In einer Therapie hatte ich einst die Aufgabe meiner entfernten Vergangenheit einen Brief zu schreiben. Ich sollte ein Brief an den kleinen Reinhard schreiben. Freunde Ihr könnt mir glauben das ich erst einmal begreifen musste, was da gerade verlangt wurde. Direkte Frage von mir:“ Wie soll ich mich denn nennen und wen schreibe ich an?“ Zur Antwort bekam ich ein Lächeln und ein: „das fällt Ihnen dann schon ein.“ Es war der bisher härteste Job, den ich zu erledigen hatte. Wen schreibe ich, was schreibe ich und wie beende ich den Brief? Ein ganzer Schreibblock ging Blatt für Blatt in den Papierkorb. Nach einer ganzen Woche hatte ich nun eine Idee. 

Ich schrieb Susanne an.

 Ja Freunde, in mir gab es eine Susanne. Das Mädchen, dass sich meine Mutter so sehr wünschte und niemals bekam. Drei Wochen später war der erste Brief fertig. Ich brauchte diesen Brief nicht vorlesen. Meine damalige Therapeutin hat zwar eine Kopie bekommen, dass aber nur für die Akten. Niemand fragte nach diesen Brief, doch tief in mir geschah etwas. Ich hatte dann selbst die Idee, dass ich das ganze nicht so stehenlassen konnte. Ich nahm wieder ein Stift und schrieb jetzt einen Brief an den „kleinen Reinhard“. Boah, noch heute bekomme ich Entenpelle oder Gänsehaut, wenn ich daran denke. Fazit, beide sprachen sich aus und plötzlich war ein Gefühl der Kraft, der Ruhe und des Friedens in mir. Es begann damit nicht das Wunder der Heilung, denn das war 2010. Doch es war ein Anfang. Es gab sogar noch einen dritten Brief, den Susanne und der kleine Reinhard dem großen Reinhard schrieb. In all diesen Briefen schrieben die Persönlichkeiten darüber, dass niemand dem anderen einen Vorwurf machten und viel mehr Ihre Kräfte vereinigten. 

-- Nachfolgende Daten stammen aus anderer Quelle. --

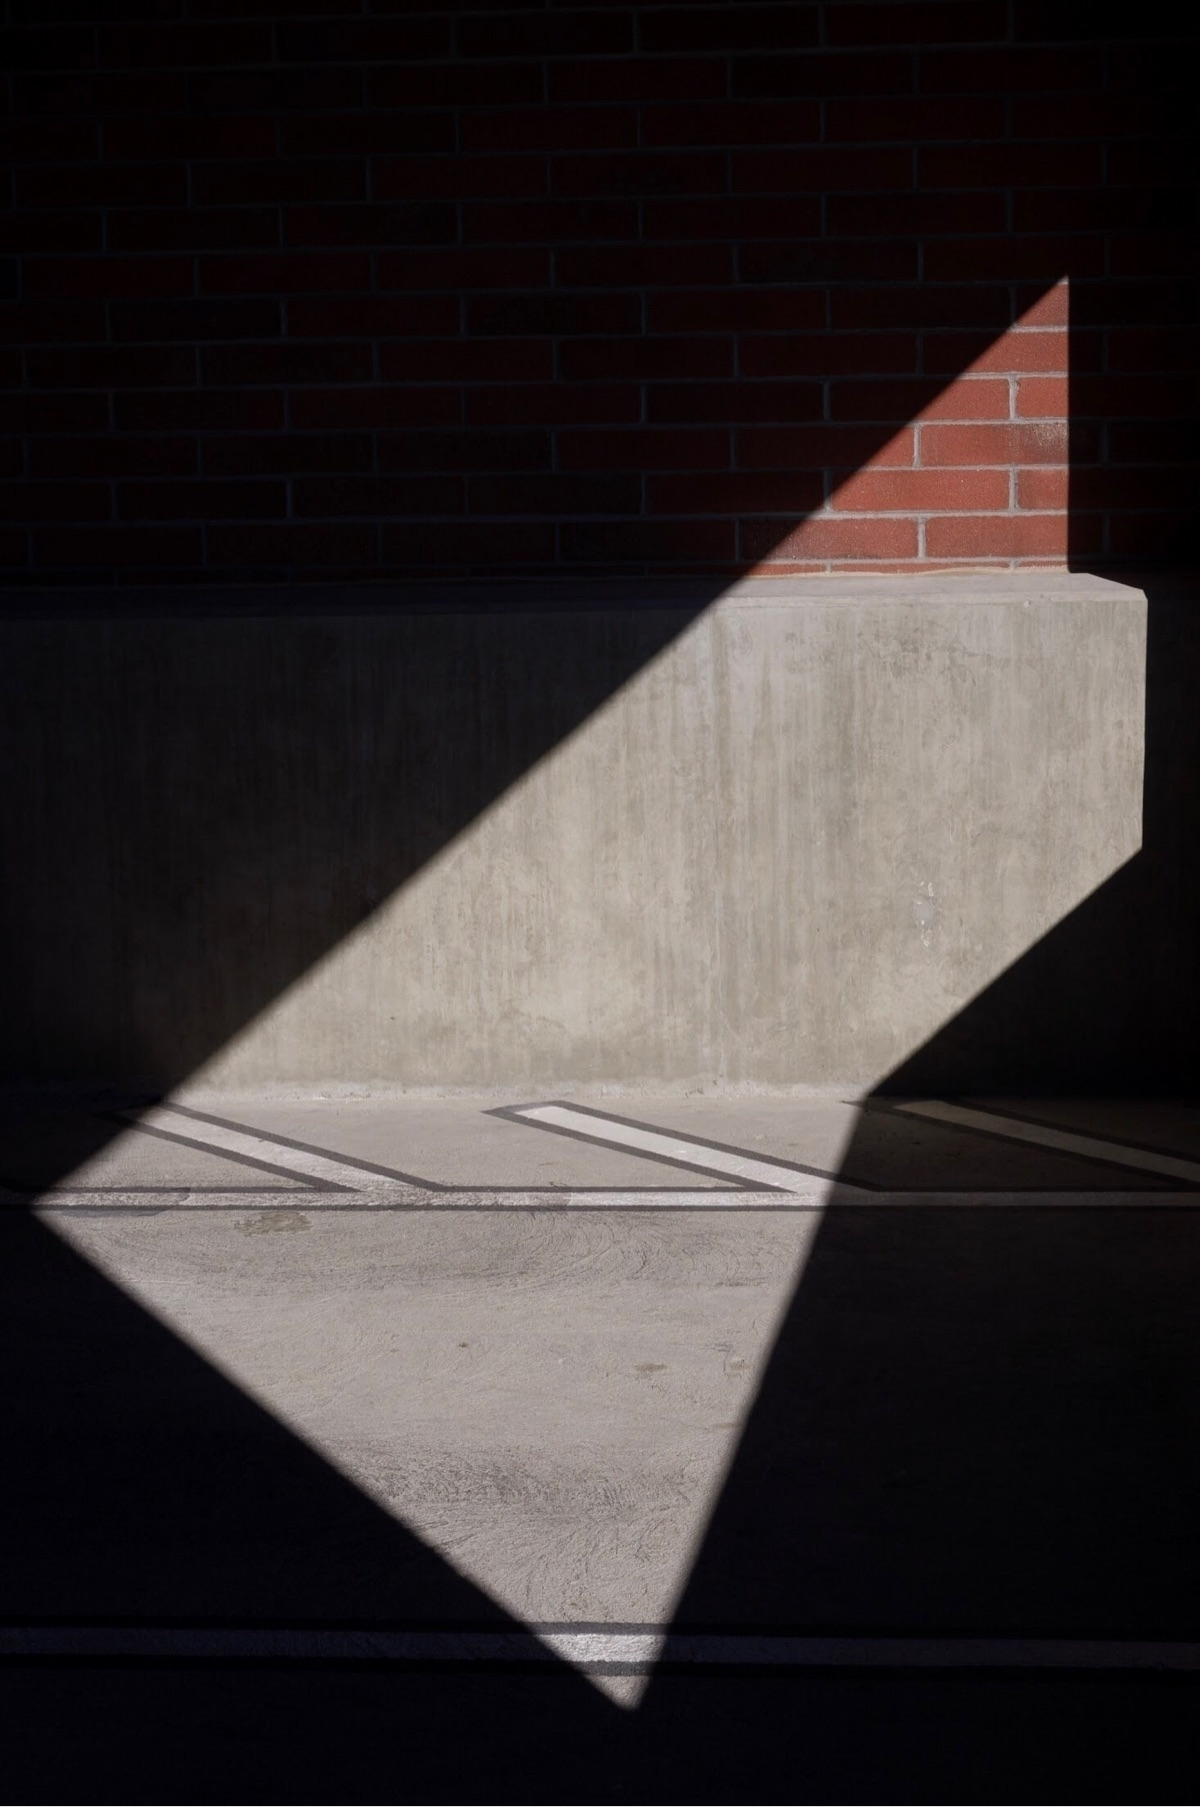 Abstraction - ellophotography, newtopography - danschumannmraz   ello

Wow, ich war in mir nicht mehr allein. 

Was für ein Sieg, was für eine Chance, was für ein Himmel. So glückselig wie in dieser Zeit war ich selten. 

Einige die meine Zeilen lesen werden sagen, der Kerl hat doch Lücken in seiner Grundstückbegrenzung. (Früher auch genannt, nicht mehr alle Latten am Zaun). Ja, könnte man sagen, aber „es ist mir egal“. Mir ist Wurscht was andere darüber sagen, denn ich fühle doch allein, ob das geschriebene mit guttut. Ja es tut gut. Hätte ich vorher so gedacht? Nein, ich hätte mit allen Mitteln verhindert, dass Fremde über mich irgendetwas denken könnten, ob nun gut oder schlecht. Ich hätte mich weiterhin versteckt. Susanne, kleiner Reinhard und ich sind nun drei sehr gute Freunde und mit vereinter Kraft kann ich das schreiben.

Aber nur dort ist Heilung für Euch. Alles was Ihr in der Vergangenheit vermisst ist einzig und allein in Euch. Ihr müsst lediglich graben. Solltet Ihr auf dem Weg zu Euch irgendjemand finden, werdet Freunde denn Ihr braucht Euch. Bedeutet aber auch, dass ich der Persönlichkeit vergeben muss, um daraus Freundschaft entstehen zu lassen.

Habe Mut, stelle Dich Dir und werde Freund mit Dir. Du kannst es gleichfalls schaffen. Mit dieser dann neuen Kraft wirst du ein anderer Mensch werden. Ein Mensch, der Dir morgens dann auch im Spiegelbild gefällt.